Request count: More aggressive scaling based on pending + active work. Formula: Math.ceil((requestsInQueue + requestsInProgress) / scalerValue). Use scaler value of 1 for max responsiveness. Recommended for LLM workloads or frequent short requests.
Lifecycle and timeouts
Idle timeout
How long a worker stays active after completing a request before shutting down. You’re billed during idle time, but the worker remains warm for immediate processing. Default: 5 seconds.
Execution timeout
Maximum duration for a single job. When exceeded, the job fails and the worker stops. Keep enabled to prevent runaway jobs. Default: 600s (10 min). Range: 5s to 7 days.

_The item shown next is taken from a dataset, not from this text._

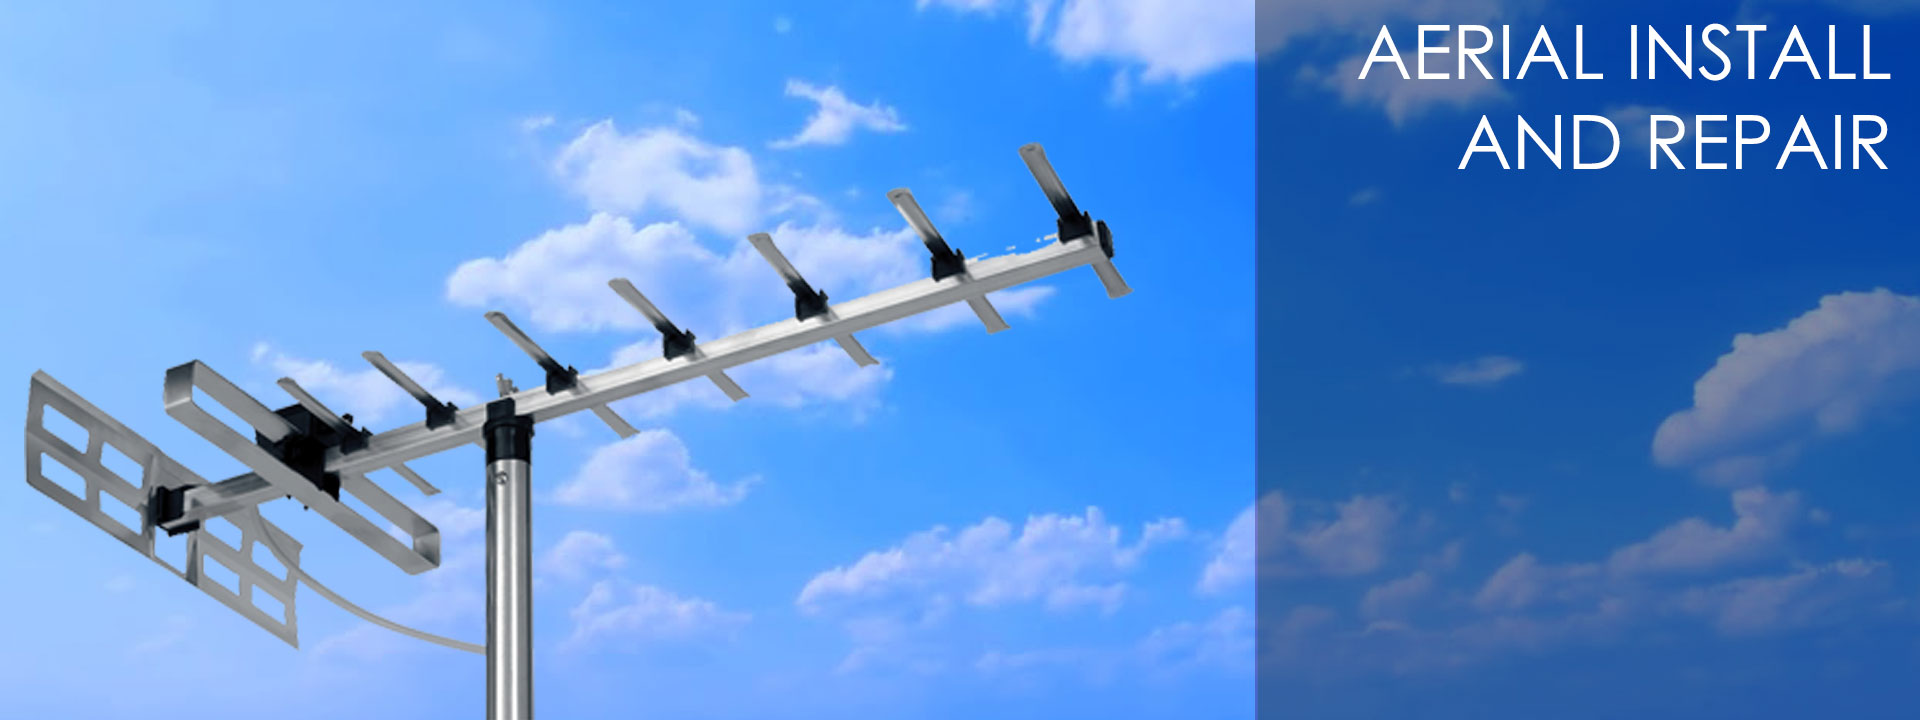 Aerial Installation and repair

Configure in Advanced settings, or override per-request via executionTimeout in the job policy.
Job TTL (time-to-live)
Total lifespan of a job in the system. When TTL expires, job data is deleted regardless of state (queued, running, or completed). Default: 24 hours. Range: 10s to 7 days.

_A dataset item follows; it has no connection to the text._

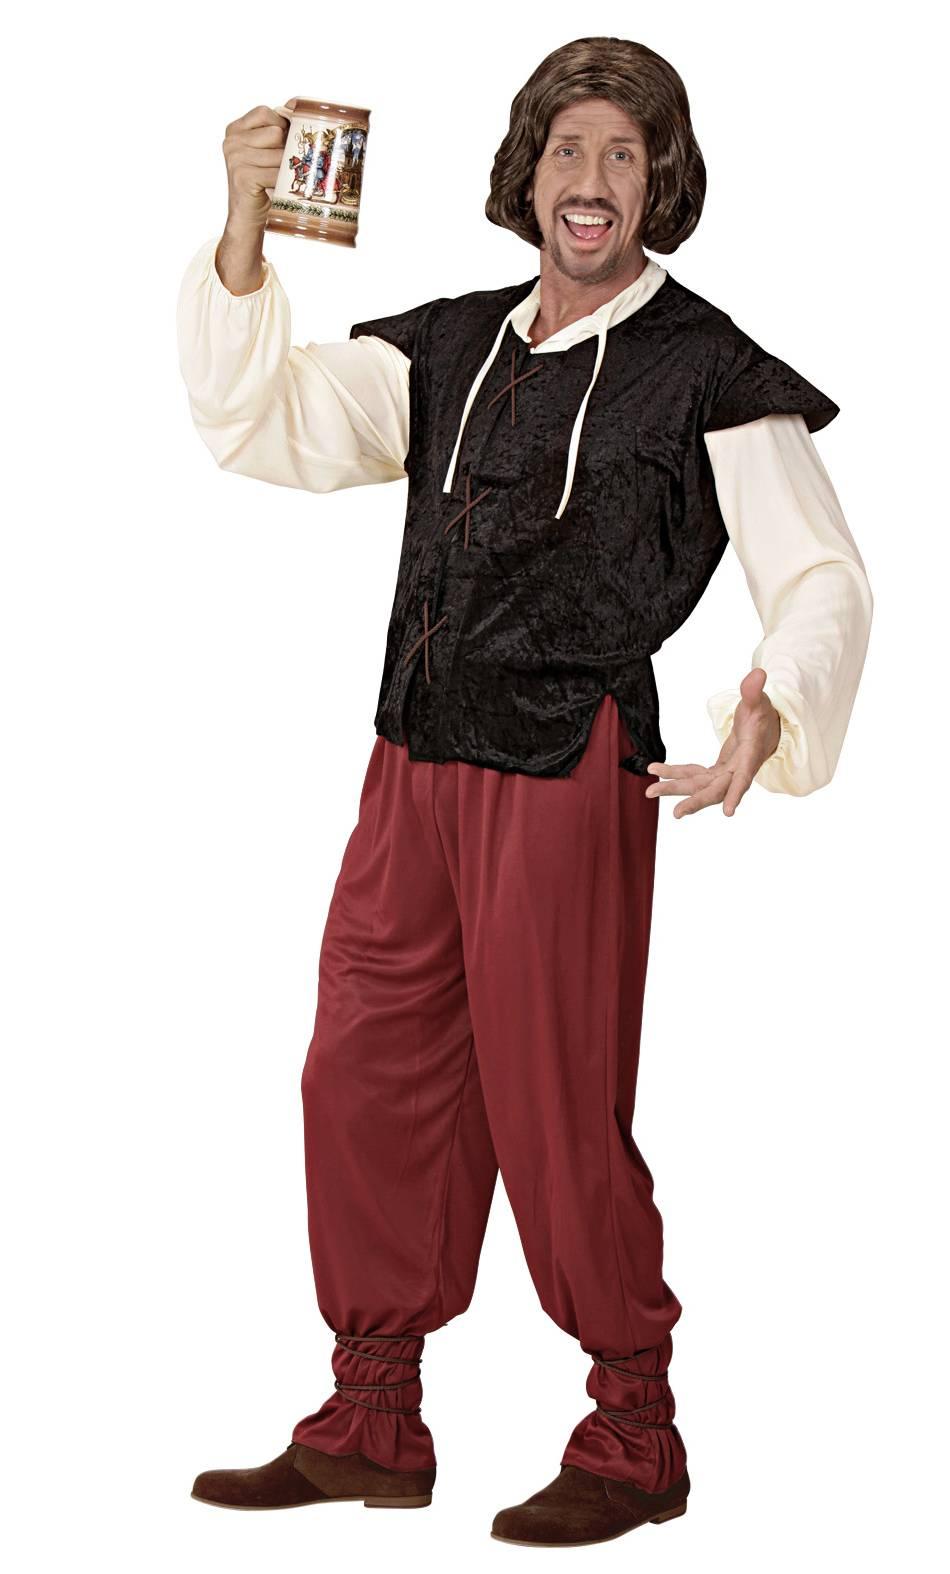 Costume-Mediéval-Homme-3

The timer starts at submission, not execution. If a job queues for 45 minutes with a 1-hour TTL, only 15 minutes remain for execution.
TTL is a hard limit. If it expires while a job is running, the job is immediately removed and status checks return 404. Set TTL to cover both expected queue time and execution time.

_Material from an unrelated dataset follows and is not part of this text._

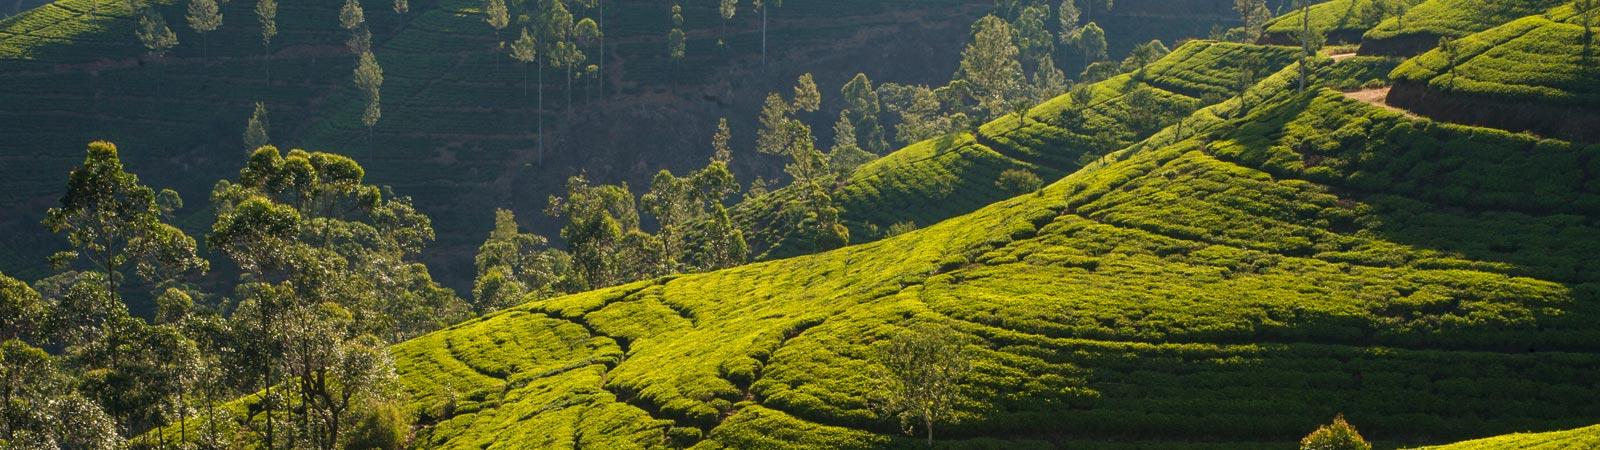 Tea Plantation estates of MJF Exports

Override per-request via ttl in the job policy.
Result retention
| Request type | Retention | Notes |
|---|
Async (/run) | 30 min | Retrieve via /status/{job_id} |
Sync (/runsync) | 1 min | Returned in response; also available via /status/{job_id} |
Results are permanently deleted after retention expires.
FlashBoot
Reduces cold starts by retaining worker state after spin-down, allowing faster “revival” than fresh boots. Most effective on endpoints with consistent traffic where workers frequently cycle between active and idle.
Model
Select from cached models to schedule workers on with model files pre-loaded. Significantly reduces model loading time during initialization.
Advanced settings
Data centers
Restrict your endpoint to specific regions. For maximum availability, allow all data centers:restricting decreases the available GPU pool.
Network volumes
Network volumes provide persistent storage across worker restarts. Tradeoffs: adds network latency and restricts your endpoint to the volume’s data center. Use only when you need shared persistence or datasets exceeding container limits.
CUDA version selection
Ensures workers run on with compatible drivers. Select your required version plus all newer versions, since CUDA is backward compatible and a wider range increases available hardware.
Expose HTTP/TCP ports
Exposes the worker’s public IP and port for direct external communication. Required for persistent connections like WebSockets.